## Task directions
The answer must restate the listing word for word, without its images.
-------- Dataset section --------
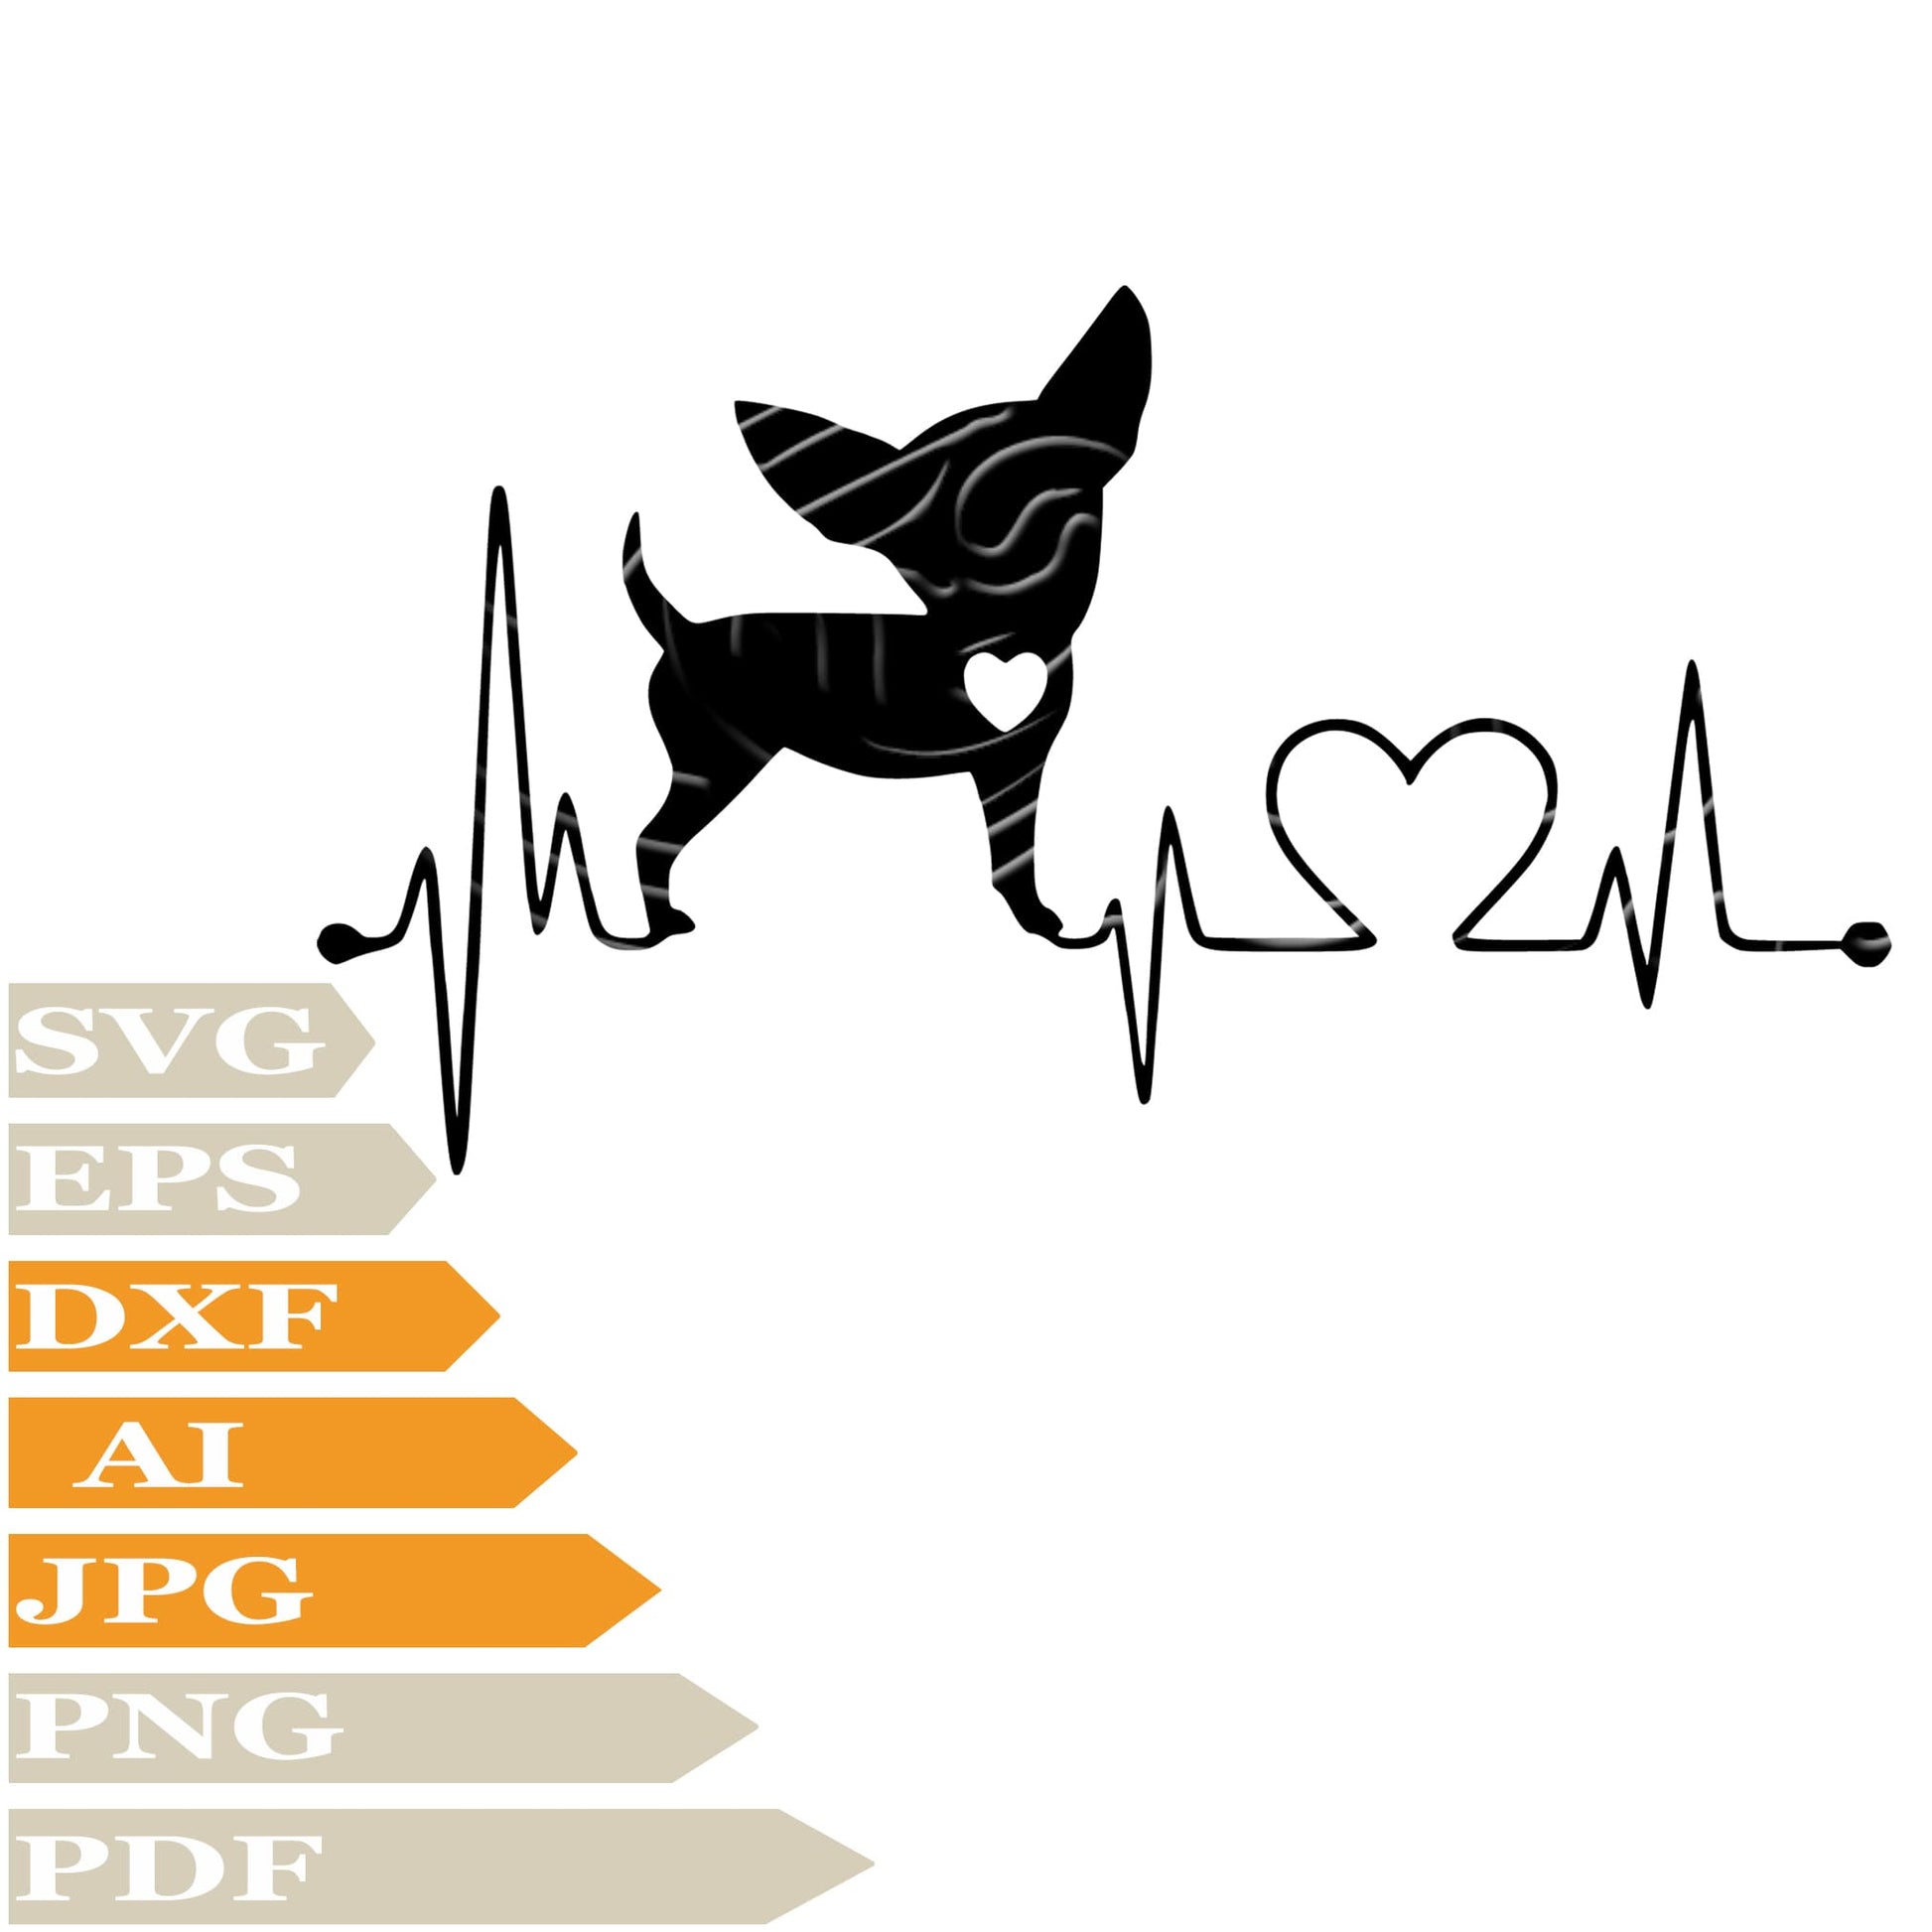 Chihuahua, Chihuahua Funny Dog Svg File, Image Cut, Png, For Tattoo, Silhouette, Digital Vector Download, Cut File, Clipart, For Cricut
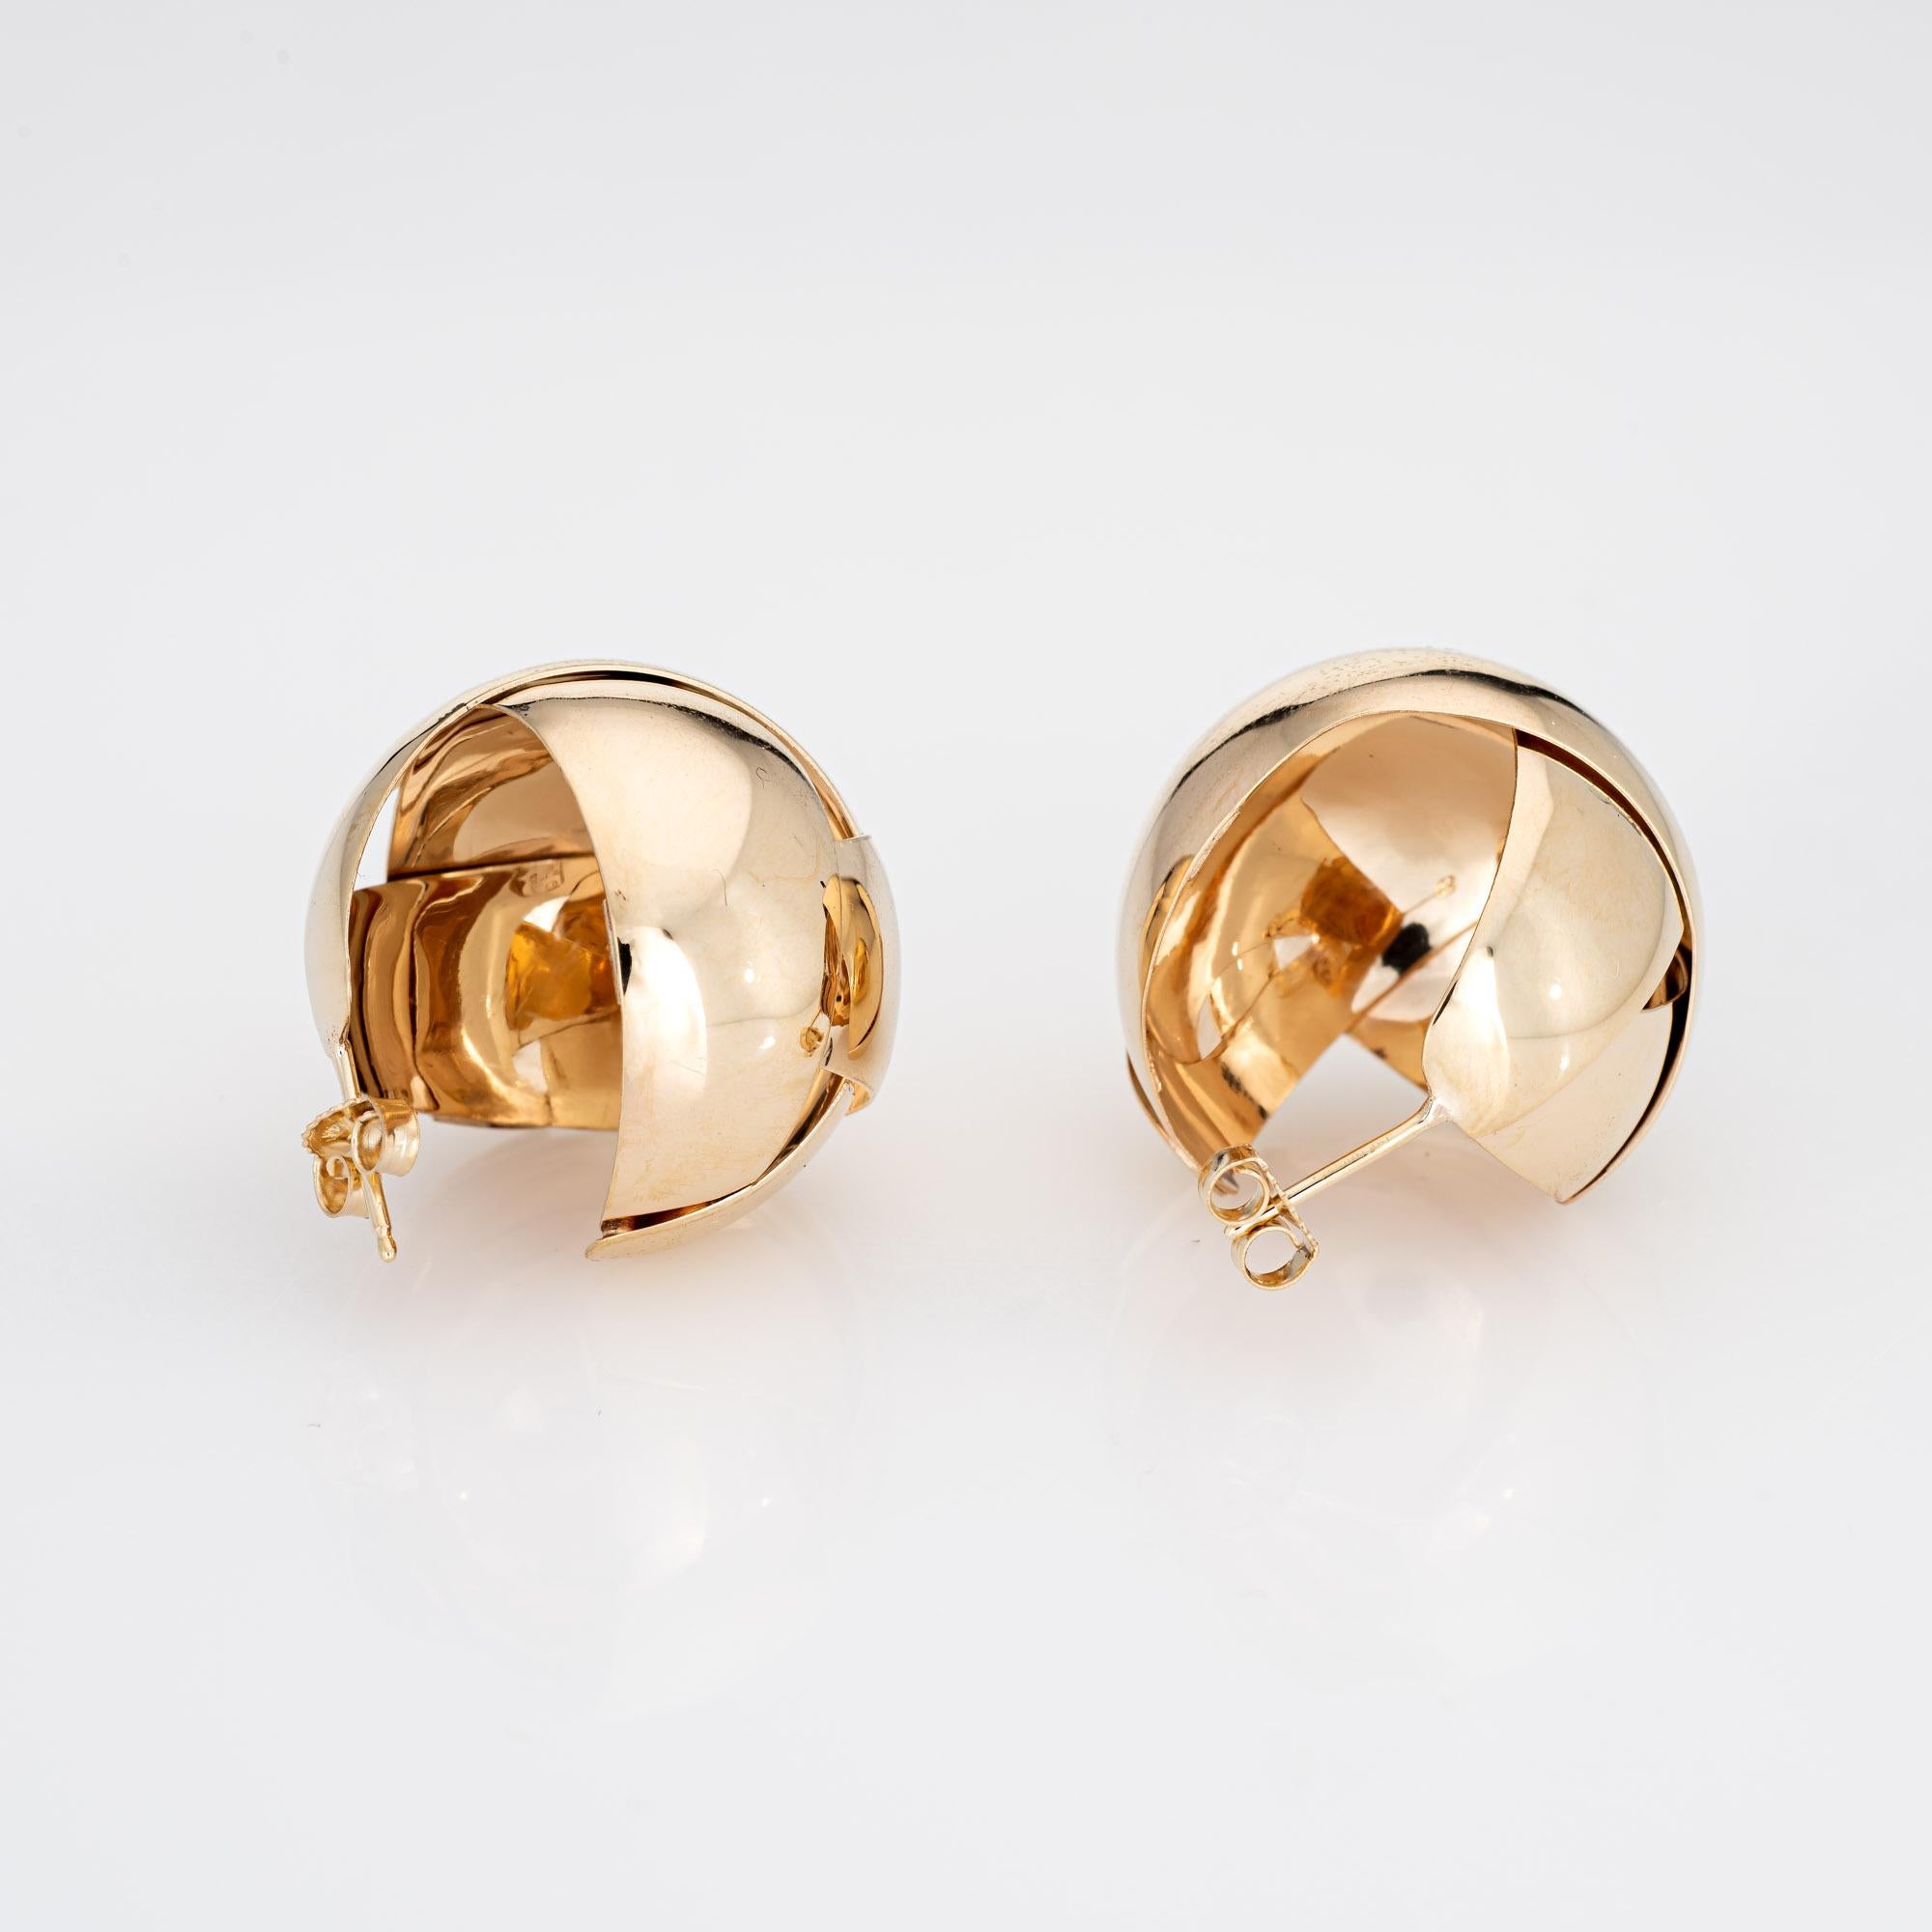 Elegant pair of vintage braided large round orb earrings (circa 1980s to 1990s) crafted in 14k yellow gold. 

The elegant earrings are crafted in a large round braided design (0.90 inches) and make a great statement on the earlobe. Ideal for day or
--------
## Answer to this task
 Chihuahua, Chihuahua Funny Dog Svg File, Image Cut, Png, For Tattoo, Silhouette, Digital Vector Download, Cut File, Clipart, For Cricut
 Elegant pair of vintage braided large round orb earrings (circa 1980s to 1990s) crafted in 14k yellow gold. 

The elegant earrings are crafted in a large round braided design (0.90 inches) and make a great statement on the earlobe. Ideal for day or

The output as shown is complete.